I must admit that I spent some time this morning looking back at my past struggle and grieving that no one thought to give me answers that would have helped. I went ahead and let myself feel that grief. I know that I don’t want to spend a lot of time and emotional energy looking back with regret, but I have to feel it before it can pass and I am able move on from it. Moving forward is what is necessary because the scavenger hunt continues. I suspect it will always continue for Link in one way or another as he tries to navigate a neurotypical world while being who he is. Though hopefully we can reach a point where the hunt is not a major feature of daily life, and the hunt is primarily Link’s quest, not mine. He needs to be empowered to find his own solutions.

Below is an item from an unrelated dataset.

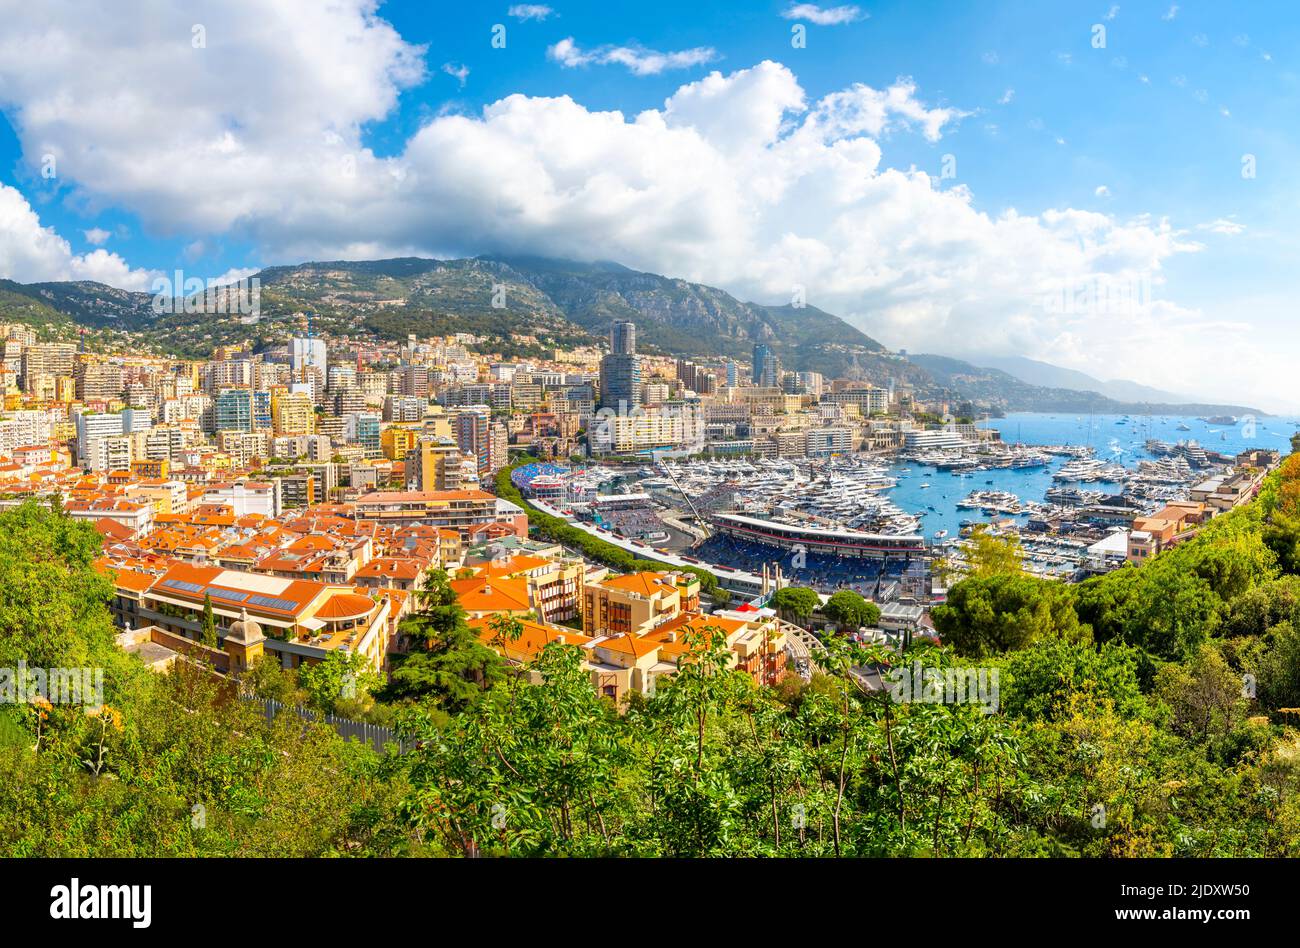 Vue sur le port animé, la ville, les montagnes et les tribunes remplies pendant le Grand Prix de Formule 1 de Monaco à Monte Carlo, Monaco. Banque D'Images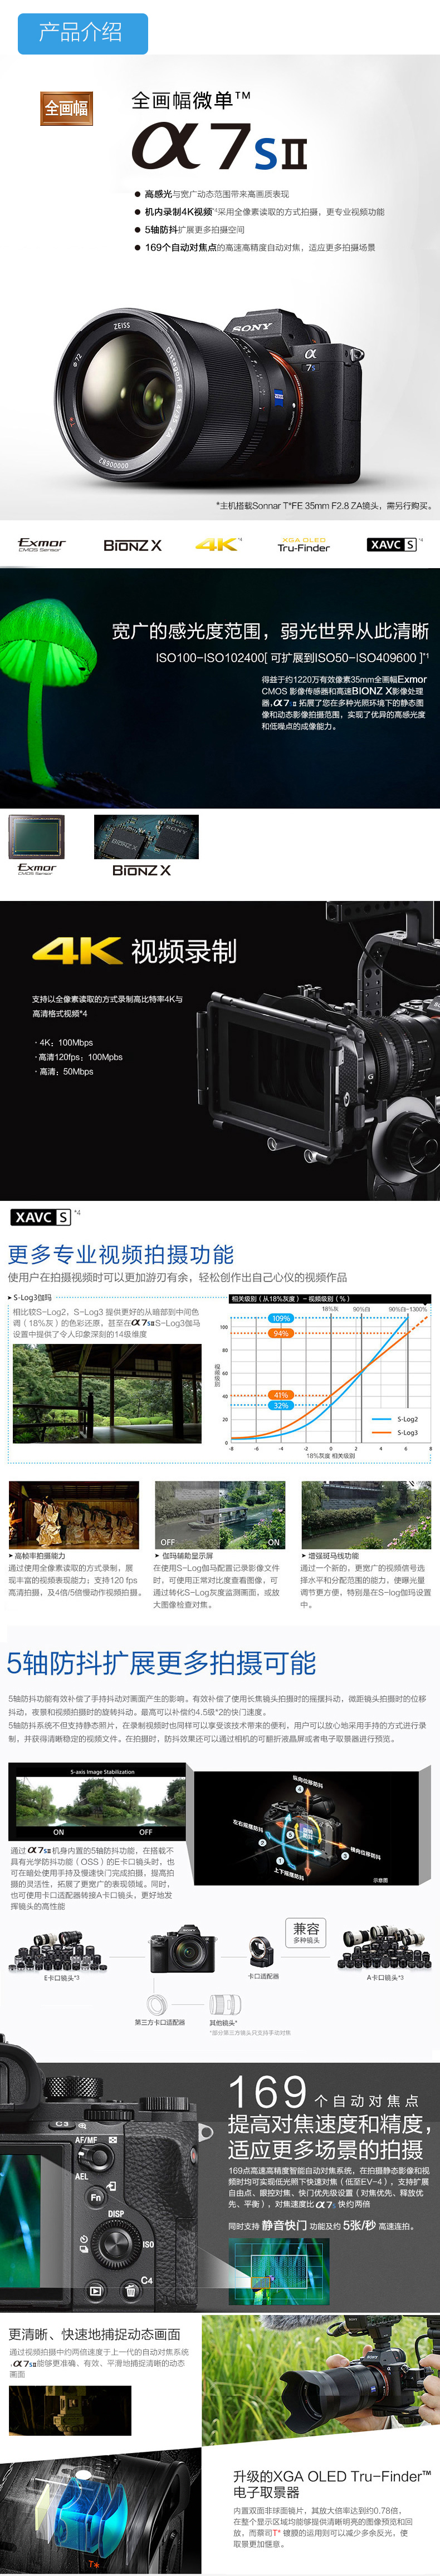 索尼(SONY) ILCE-A7SM2 (单机身 不含镜头) 五轴防抖 4K视频 高感光范围

Some days I can believe that we’ll reach an independent adulthood for him. Other days I can’t. This too is part of the hunt. I’m not just seeking resources, help, and answers. I’m seeking emotional balance, peace, acceptance, and maybe even joy. This year is better than last year. We’ll continue onward to see what comes next.

My Child Through the Eyes of Others

Eleven years ago, when my son Link was in kindergarten, he was in a class so large it required a teacher’s aide. His name was Mr. A. For us Mr. A was a godsend, because he had a special place in his heart for my son who was mostly non-verbal and often lost in his own imagination. Years later we’d diagnose the inattentive type ADHD and Auditory Processing Disorders that made Link so different from his classmates. At the time I was just glad to know that there was someone at school who thought Link was wonderful, who took time to tell me little stories about things that Link did. His teacher was worried about Link, but Mr. A saw Link as amazing and interesting. We were glad when Mr. A became the PE teacher and then was Link’s fifth grade teacher. Fifth grade was a good year. Not all of the elementary years were good.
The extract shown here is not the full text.